HOUSTON — Rising waters swallowed parts of interstates, turned lazy bayous into rapids, led to dozens of frantic water rescues and claimed at least one life as Hurricane Beryl battered this flood-weary city on Monday.
Clumps of trash along the pillars of an overpass marked the height of floodwaters along the White Oak Bayou in the Houston Heights neighborhood. Police barricades showed where a driver had abandoned a vehicle in fast-rising waters on Jensen Drive in Kashmere Gardens. In Meyerland, patches of water remained in the storm’s wake, but many homes in the stately neighborhood were elevated after Hurricane Harvey ravaged it in 2017, keeping Beryl’s damage to a minimum.
Beryl probably will not go down as one of Houston’s more crippling floods — not even of this year. Still, the hurricane offered the latest reminder that the nation’s fourth-largest city has a serious flooding problem.
It is one that persists despite billions of dollars of investments and years of flood control projects. And the challenge could grow more severe as climate change supercharges storms and brings more intense rainfall to a flat, low-lying and sprawling metro area.
“As far as our streets are concerned, it is important to remember that our primary drainage mechanism throughout this city is our streets,” Houston Public Works Chief Operating Officer Randy Macchi said at a news conference this week. “For better or worse, that is the reality of the situation.”
The fact that Beryl’s flooding was not especially remarkable highlights how incessant the problem is, said Ben Hirsch, a co-director at West Street Recovery, a disaster recovery and environmental justice organization that works across five Zip codes in northeast Houston.
“I think if this storm had happened in almost any other part of America, people would be describing it as catastrophic flooding,” Hirsch said Wednesday. “There’s a kind of numbness that sets in; people get used to it.
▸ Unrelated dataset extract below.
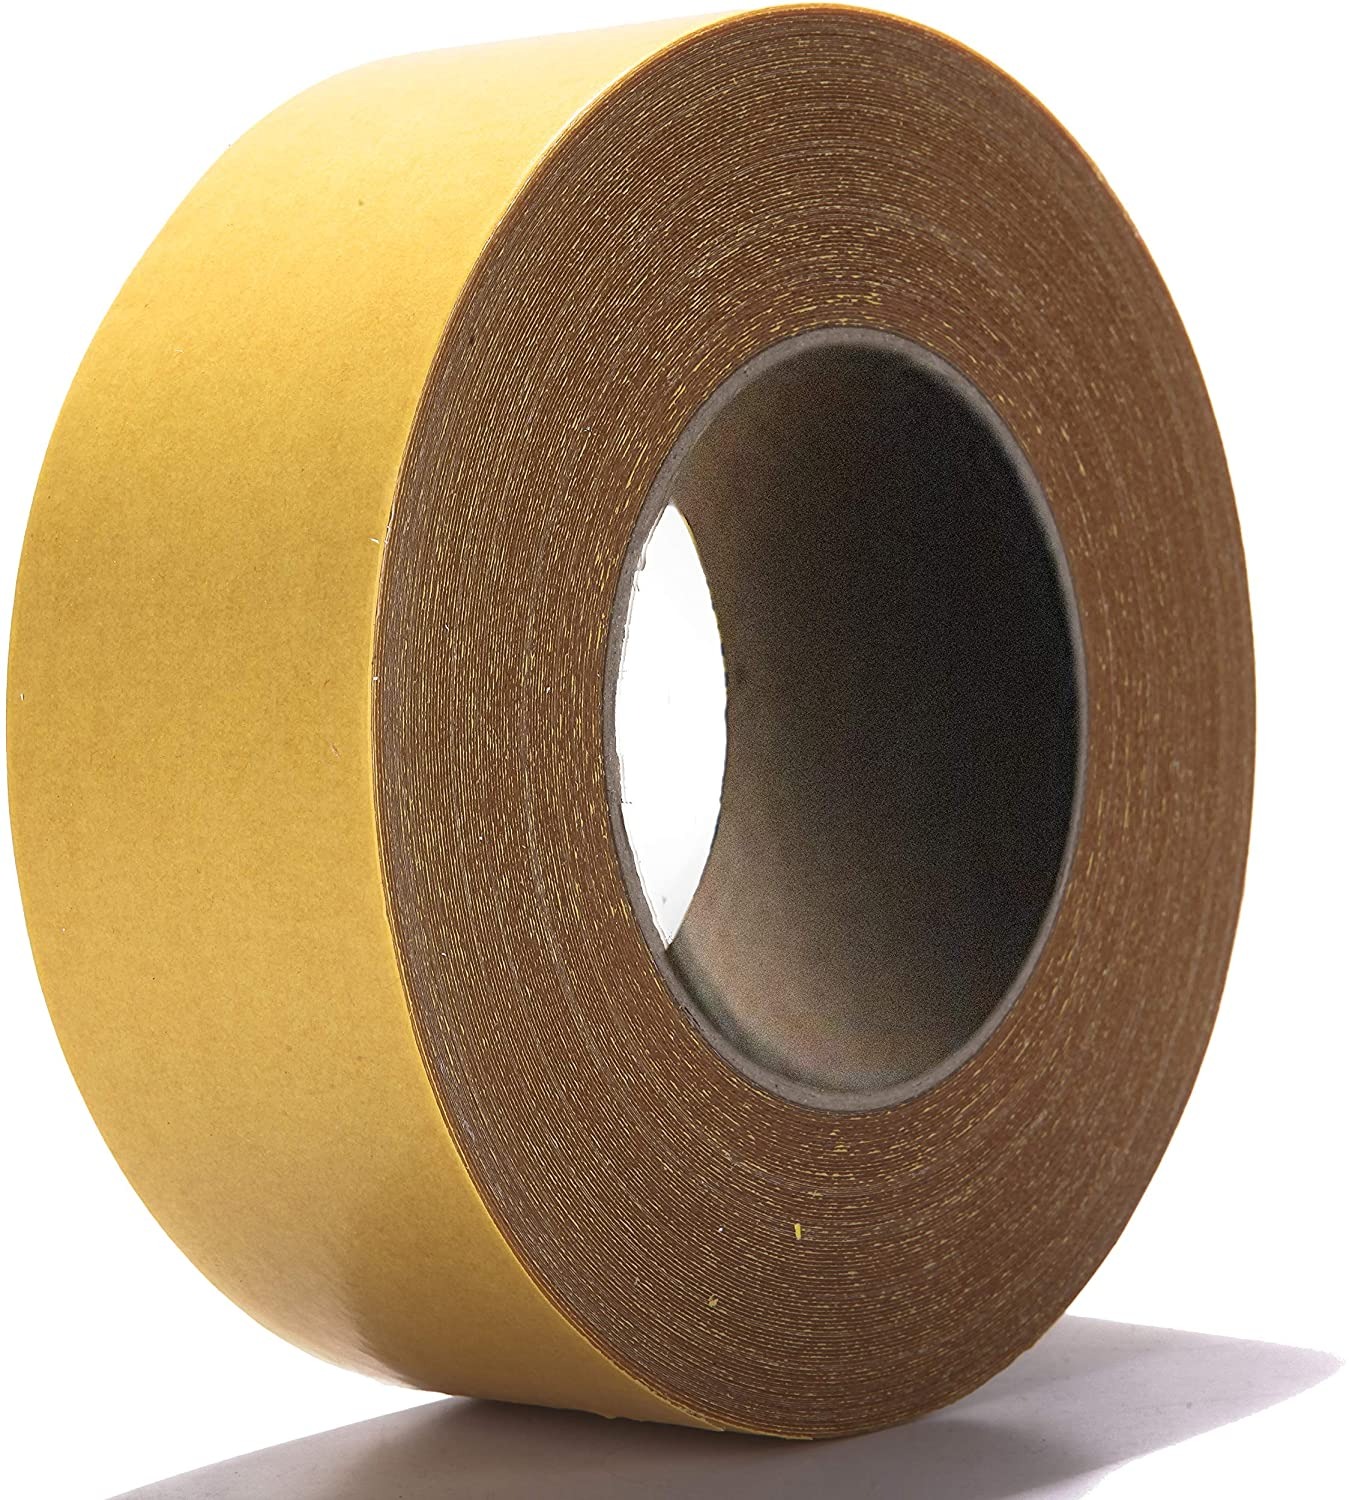 mothers day presale 48 off waterproof doublesided carpet tape10mbuy 2 get 1 free now8glgk

But at the same time, people have this sort of trauma from it.”
The Biden administration on Wednesday finalized a policy to ensure that taxpayer-funded projects such as bridges, schools and other public buildings take into account not just past flooding, but the worsening floods that are likely to lie ahead.
The goal, officials said, is to make the nation’s infrastructure more resilient in an era of climate change and to avoid the cycle of repeated floods and rebuilding that has happened in the past.
“Climate change has exacerbated flood risk across the country, especially when it comes to sea-level rise,” Federal Emergency Management Agency Administrator Deanne Criswell said in announcing the new policy.
But in Houston, the flooding woes are hardly new, and they partly are the result of decisions that stretch back generations.
“Even before the growth, we’ve always lived in a swamp. The folks that came before us knew we need to build this flood infrastructure and we don’t, by any stretch, have the infrastructure we need,” Harris County Judge Lina Hidalgo, chief executive of the jurisdiction that includes Houston, told The Washington Post this week. “This is another kick in the pants for everyone to really prioritize this.”